By the time the original Thresher was first decommissioned in December 1945, she was credited with sinking 17 enemy ships weighing more than 66,000 tons, according to author Bentley. She also earned 15 battle stars to go with her Navy Unit Citation.
Recalled to Action
The submarine was reactivated at Portsmouth Naval Shipyard the following February, to serve as target practice for atomic bomb tests in the Marshall Islands. However, after determining she had “deteriorated beyond economical repair,” the vessel was decommissioned for the final time in July 1946.
SS 200 was sold for scrap metal in 1948.
In May 1958, the keel was laid at Portsmouth Naval Shipyard for a nuclear fast-attack submarine that would share the Thresher’s name. This vessel was designed to counter the lurking threat of the Soviet Union rather than the Imperial Japanese Navy. SSN 593 was the first in a dynamic new wave of nuclear submarines built to do things far beyond the capabilities of their World War II forebears. For instance, while the test depth of SSN 593 — considered highly classified at her peak — is believed to have been around 1,300 feet, SS 200 had a test depth of only 250 feet.
Norman Polmar, author of the 1964 book “The Death of the USS Thresher,” described SSN 593 as the “most deadly weapons system in existence” during her all-too-brief career.

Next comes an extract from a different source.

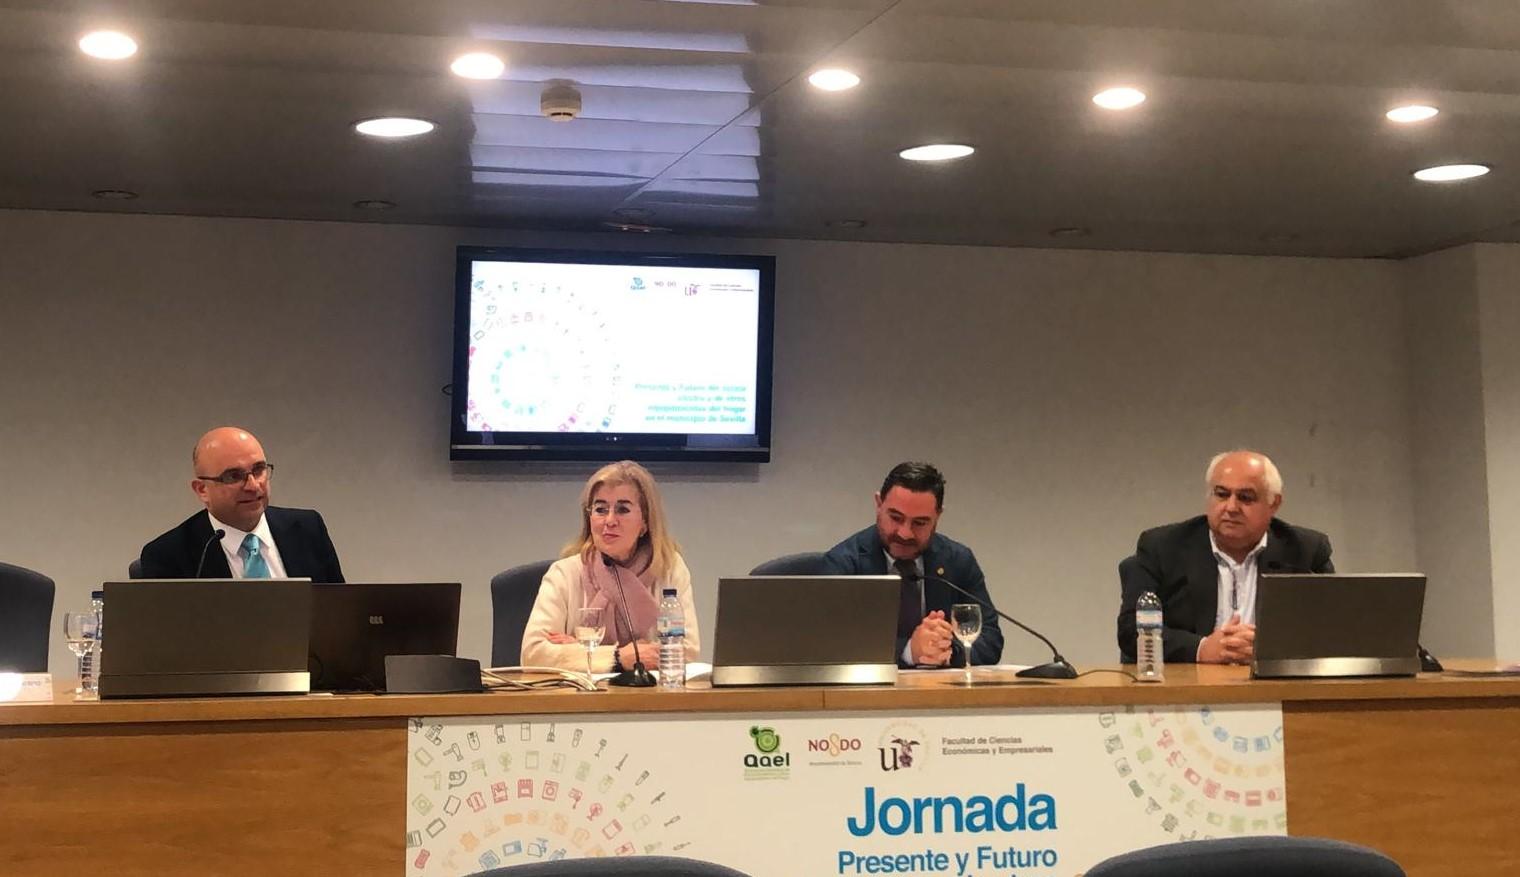 AAEL y el Ayuntamiento de Sevilla celebraron el 19 de noviembre de 2019 la Jornada Presente y Futuro del Sector Electro de Sevilla

The new Thresher was launched on the Piscataqua River in July 1960, and commissioned here in August 1961. After returning to the shipyard for a major 9-month overhaul, SSN 593 was conducting sea trials when she sank more than 200 miles off the New England coast in April 1963. The tragedy marked the first time a nuclear submarine had been lost at sea. All 129 Navy sailors and civilian workers aboard Thresher perished in what remains the worst submarine disaster ever. April 10 marks the 50th anniversary of the Thresher disaster.
The Navy’s enhanced safety program, known as SUBSAFE, was a direct result of the second Thresher’s loss and remains in place today. No submarine passing through this program has ever suffered a similar fate.